In contrast, modern continuous quality improvement methodologies enable learning in near real time. Data can be collected as part of routine care. Clinical outcomes can be linked directly to financial outcomes. Insights can be generated within months rather than years. More importantly, the objective is not merely to evaluate healthcare. The objective is to improve healthcare continuously. Every patient encounter becomes an opportunity to learn something that can improve care for the next patient. 
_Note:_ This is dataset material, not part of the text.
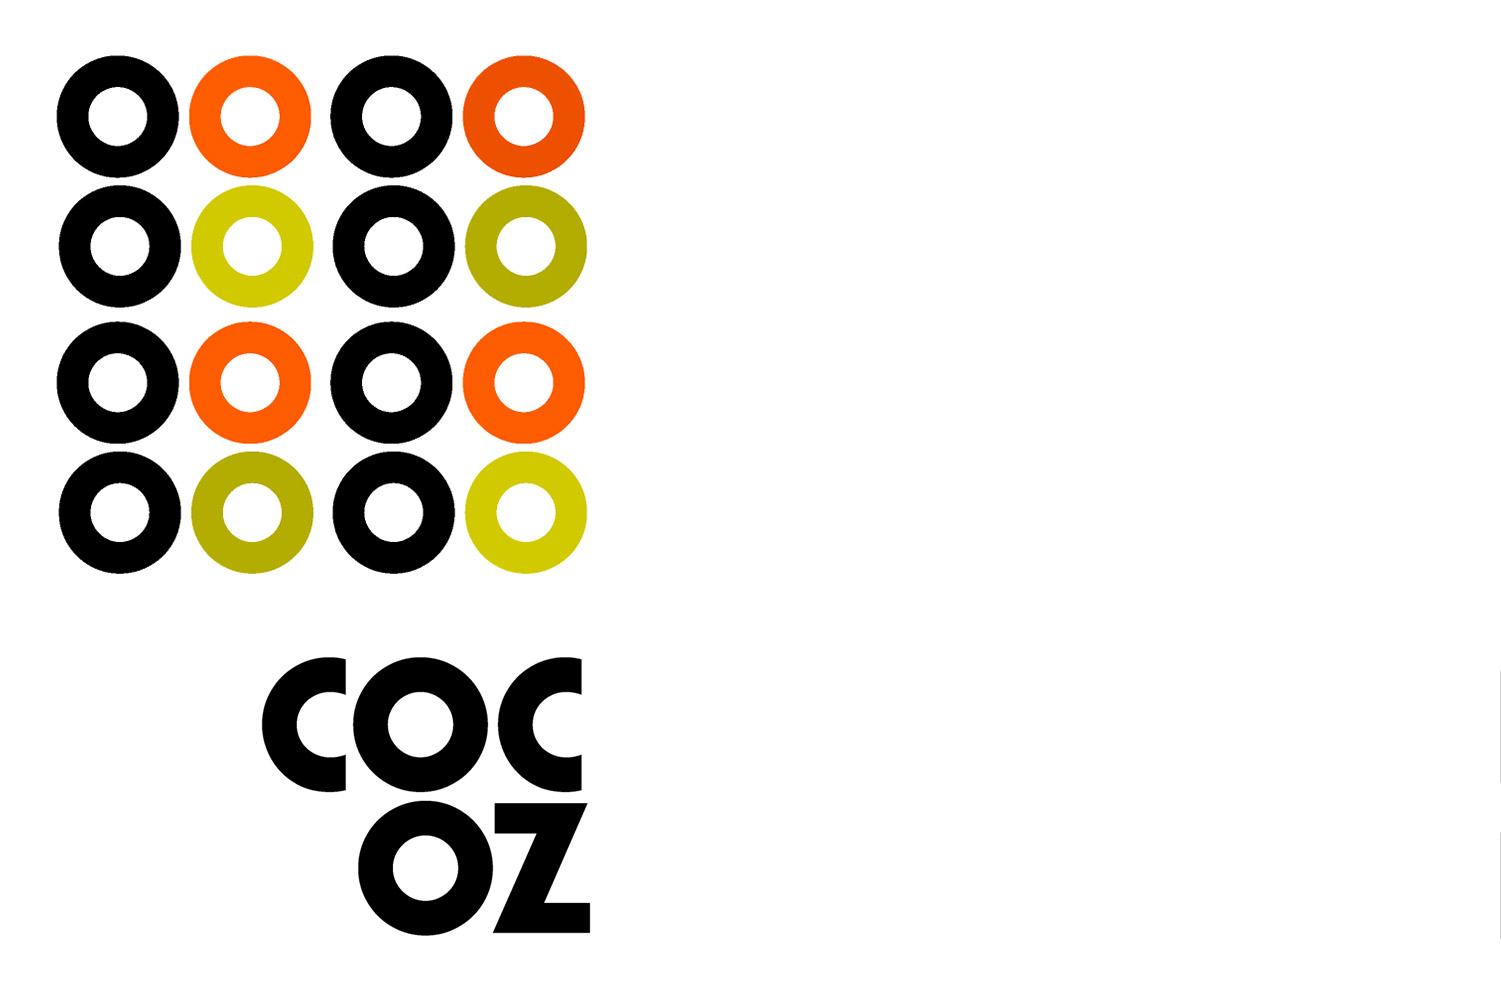 Cocoz, logo design image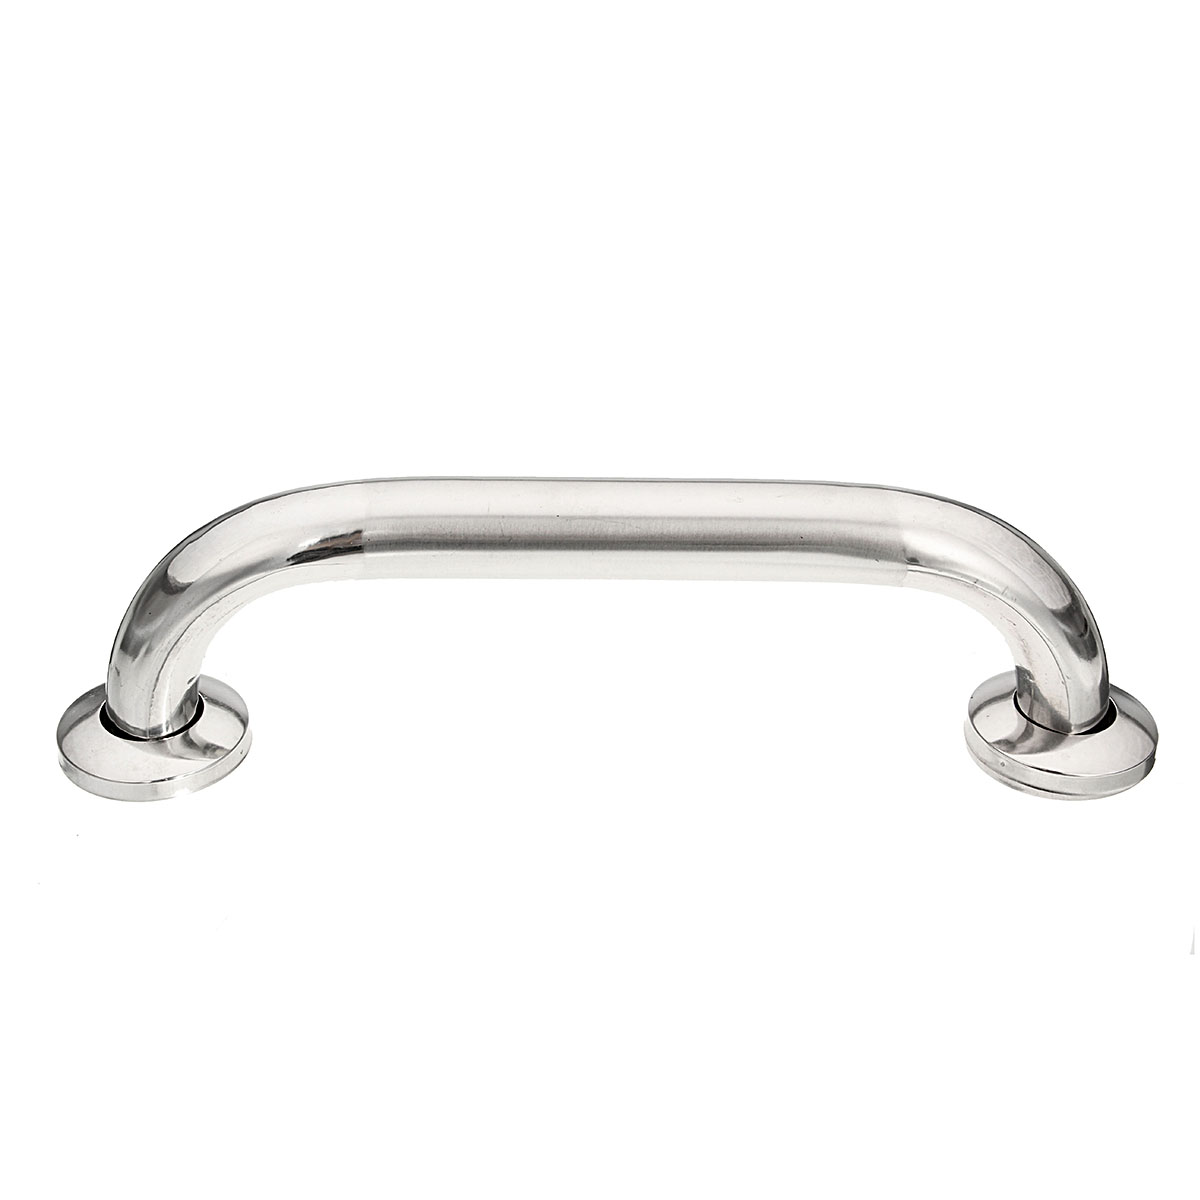 Stainless-Steel-Safety-Bath-Bathroom-Shower-Tub-Hand-Grips-Grab-Bar-Handle-25cm-1273274

Another theme emerged repeatedly in conversations at EHS. As surgeons are presented with an expanding number of technologies and manufacturers seek to demonstrate value, there remains no widely accepted, vendor-neutral framework for evaluating products in real-world practice. Every company presents its own studies, endpoints, patient populations, and methodologies. Value analysis committees and clinicians are often forced to evaluate data that does not apply to their own local clinical environment. We call these decisions evidence-based, but in many cases they are based on fragmented evidence generated through fundamentally different approaches, often with poor quality data. 

What is needed is a framework that can measure the entire patient process using real-world clinical and financial data collected at the point of care. Rather than isolating a device from the environment in which it is used, we should measure its performance within that environment. The value of any technology ultimately depends on how it interacts with patients, clinicians, workflows, and healthcare systems. Studying it in isolation may satisfy the requirements of reductionist science, but it tells us surprisingly little about its contribution to real-world value. 

This is the philosophy behind the Continuous Quality Improvement methodology we have developed at Caresyntax. By collecting longitudinal clinical and financial data during routine patient care, we can build continuously learning systems that generate insights and improve outcomes. The methodology has already supported regulatory submissions, post-market surveillance, indication expansions, and scientific publications. More importantly, it has demonstrated that healthcare systems can learn, adapt, and improve when they are measured appropriately. 

Randomized trials will continue to be used in healthcare for the foreseeable future. But they should no longer be viewed as the sole gold standard for understanding healthcare. Healthcare is not a laboratory experiment. It is a complex adaptive system. Understanding and improving such systems requires methodologies that embrace complexity rather than attempting to eliminate it. 

After more than three decades as a surgeon, healthcare leader, and student of systems science, I no longer ask whether we can afford to generate evidence differently. The question I now ask is whether we can afford not to.